Bridges-2’s predecessor, Bridges, broke new ground in easing entry to heterogeneous HPC for research communities that never before required computing, let alone supercomputing. Bridges-2 will continue this mission and add expanded capabilities for fields such as scalable HPC-powered AI; data-centric computing both in fields that require massive datasets and many small datasets; and research via popular cloud-based applications, containers and user-focused platforms.

“We’re not just going to be supporting the command line, we want to be able to support all sorts of modes of computation to make this as applicable to [new] communities as possible,” Brown said. “We [want to] remove barriers to people using high performance computing for their research rather than us training them to do it the way that we do things—we want to … enable them to do their research in their own particular idiom.”

Like Bridges, Bridges-2 will offer a heterogeneous system designed to allow complex workflows leveraging different computational nodes with speed and efficiency.

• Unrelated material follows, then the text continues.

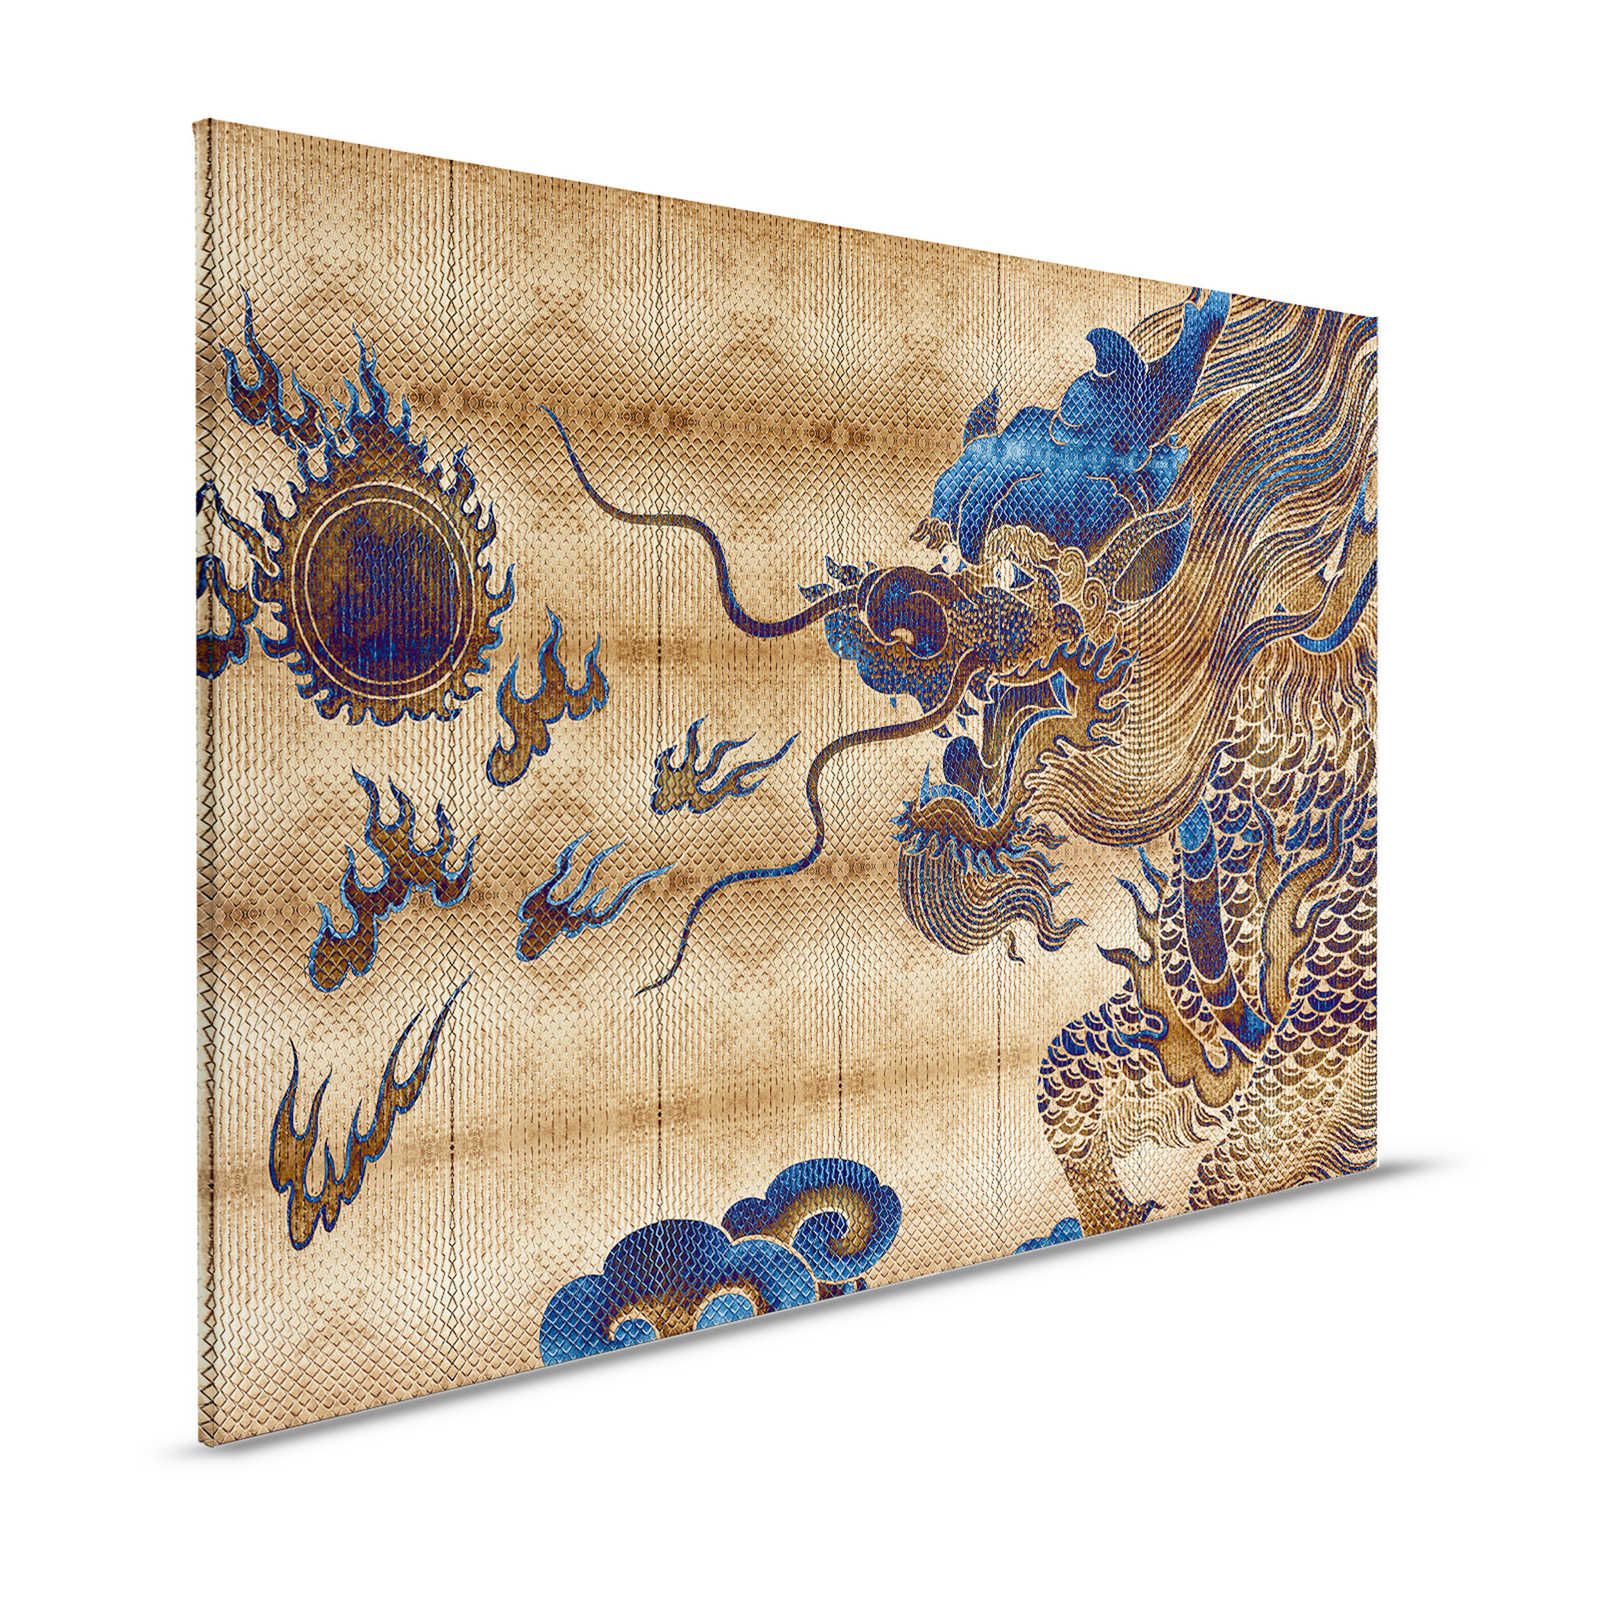 Shenzen 2 - Canvas schilderij Gouden Draak in Aziatische stijl - 1,20 m x 0,80 m
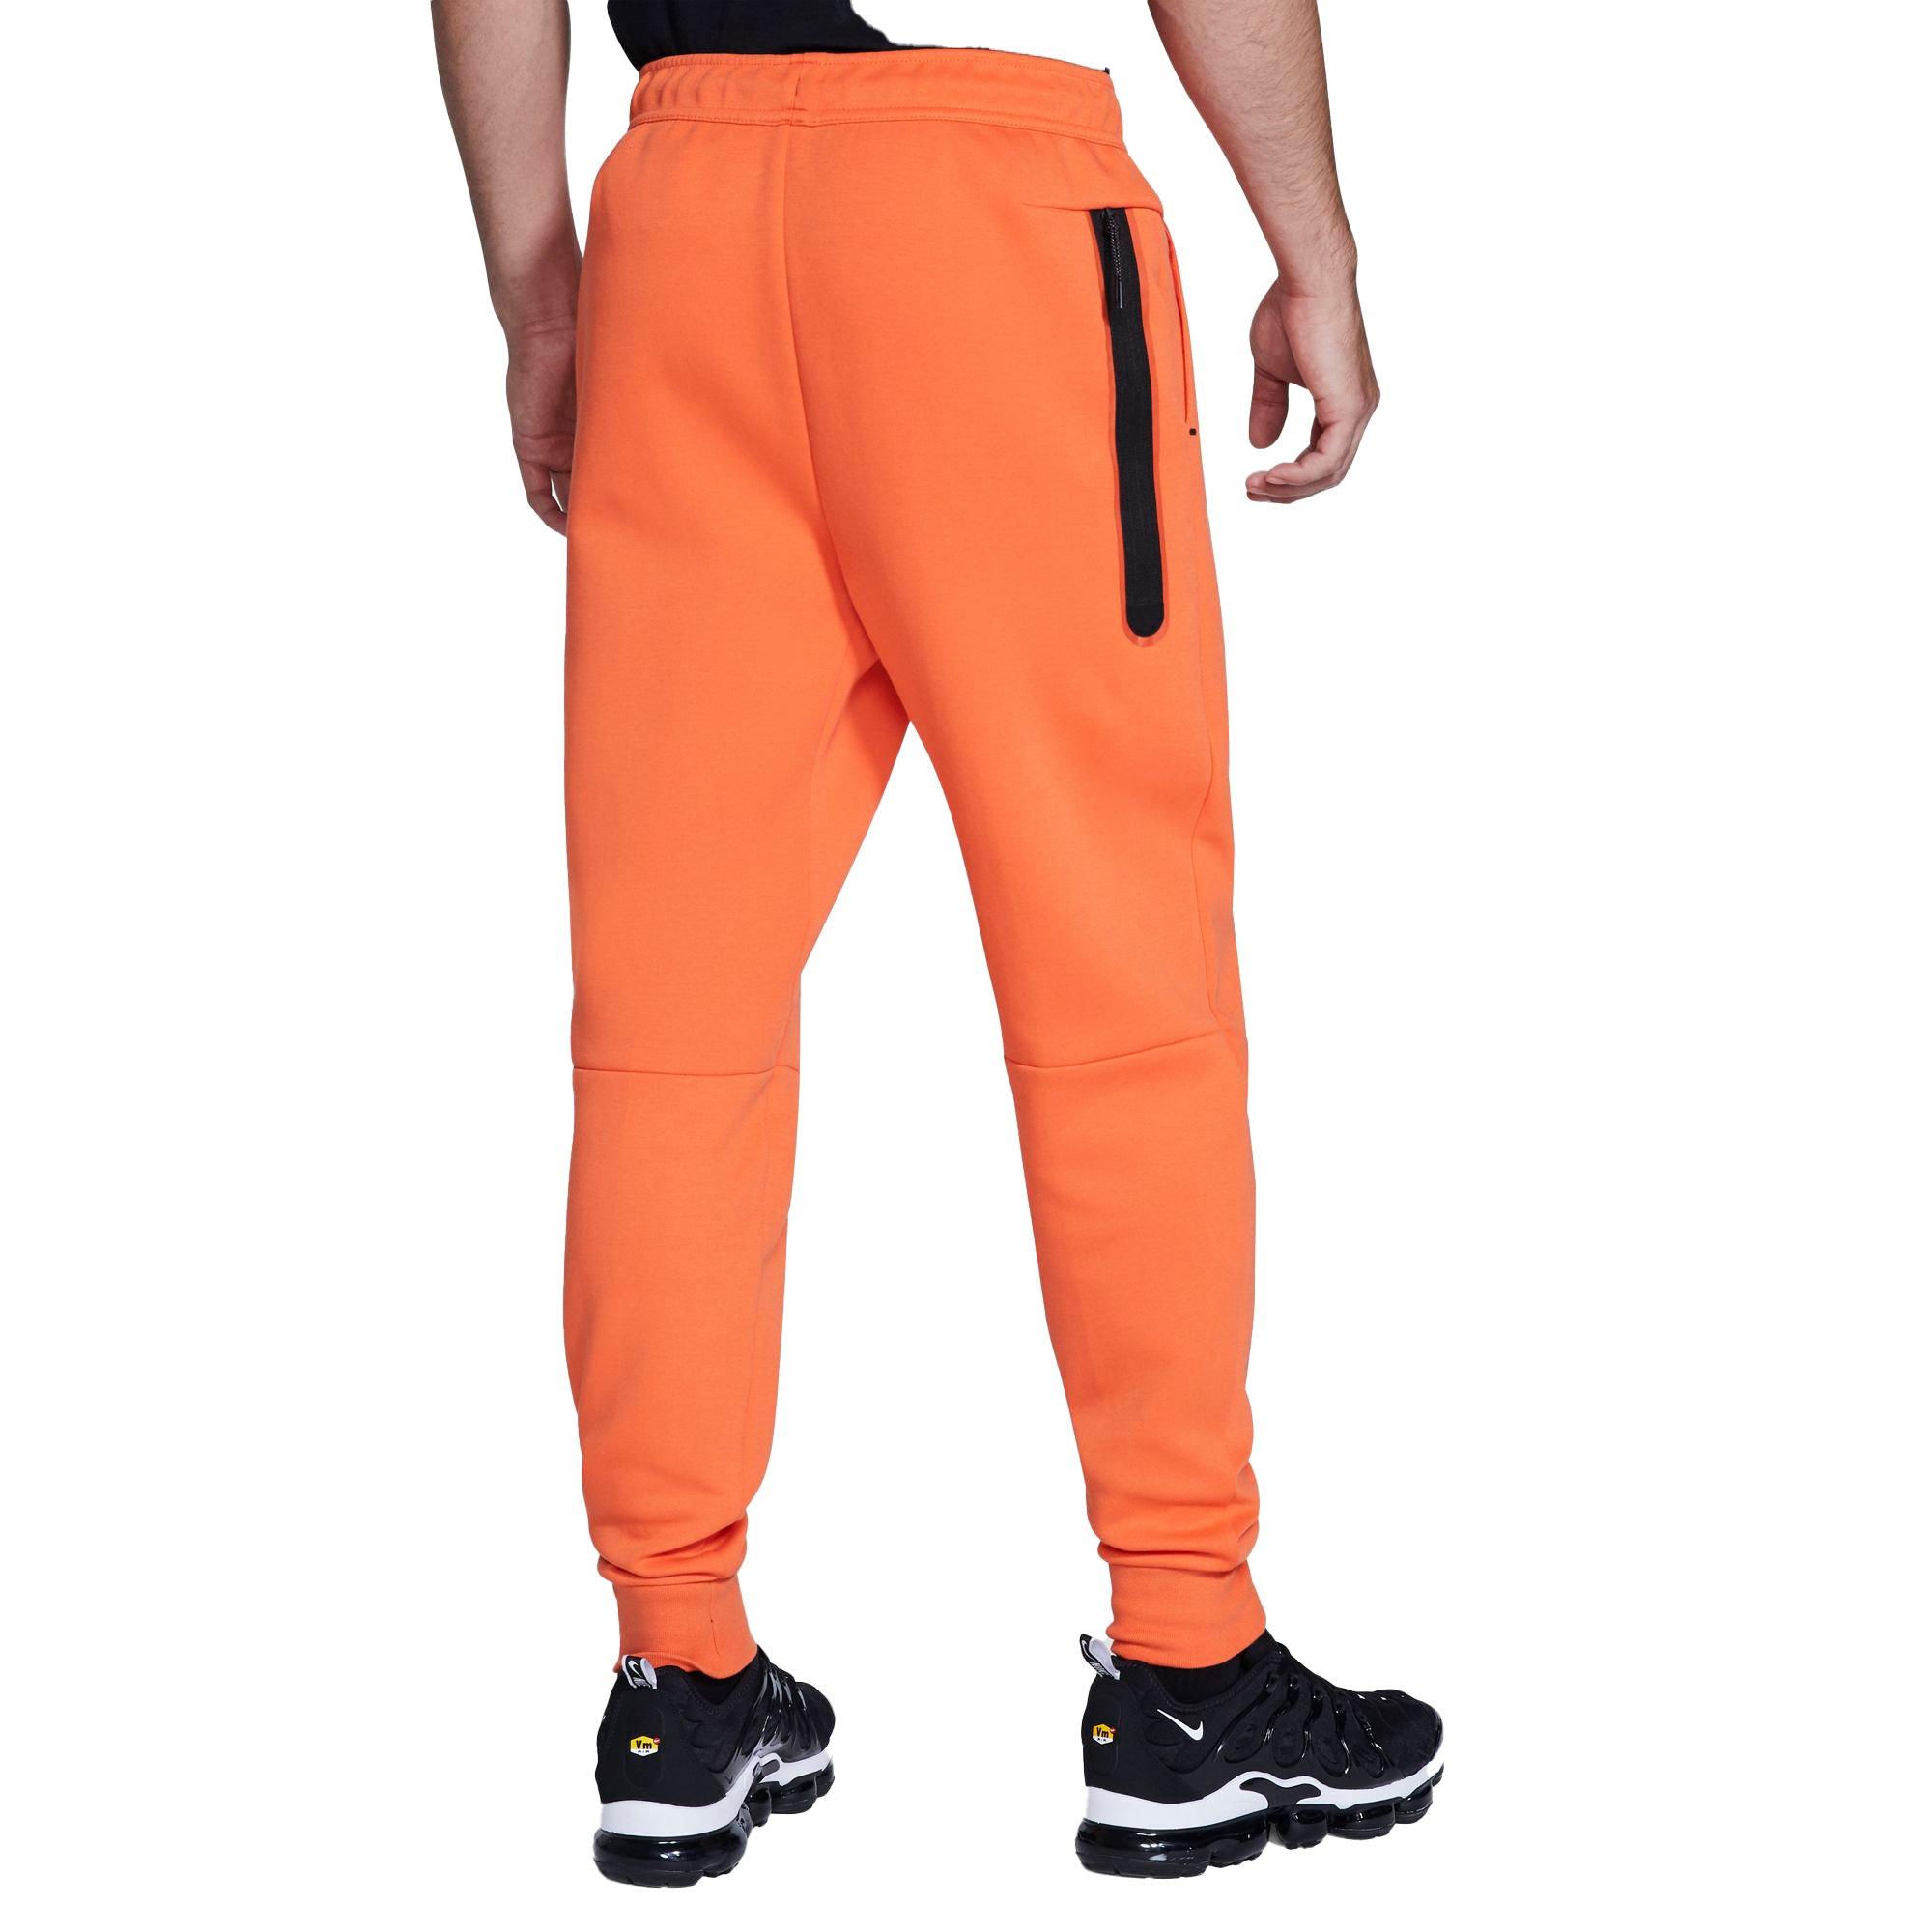 nike tech fleece pants orange

This will include:

  • 488 256-GB-RAM regular-memory (RM) nodes and 16 512-GB-RAM large-memory (LM) nodes, featuring two AMD EPYC “Rome” 7742 CPUs each
  • Four 4-TB extreme-memory (EM) nodes with four Intel Xeon Platinum 8260M “Cascade Lake” CPUs
  • 24 GPU nodes with eight NVIDIA Tesla V100-32 GB SXM2 GPUs, two Intel Xeon Gold “Cascade Lake” CPUs and 512 GB RAM
  • A Mellanox ConnectX-6 HDR InfiniBand 200Gb/s interconnect
  • An efficient tiered storage system including a flash array with greater than 100 TB usable storage; a Lustre file system with 21 PB raw storage; and an HPE StoreEver MSL6480 Tape Library with 7.2 PB uncompressed, ~8.6 PB compressed space

“We want Bridges-2 … to work interoperably with all sorts of different [computational resources], including workflows, engines, heterogeneous computing, cloud resources,” Brown said. “We want this thing to be a member of the ecosystem—not just a standalone machine, but really a resource that’s widely available and applicable to a number of different rapidly evolving research paradigms.”

PSC will be integrating Bridges-2 with its extant Bridges-AI system, featuring an NVIDIA DGX-2 enterprise research AI system tightly coupled with 16 NVIDIA Tesla V100 (Volta) GPUs with 32 GB of GPU memory each.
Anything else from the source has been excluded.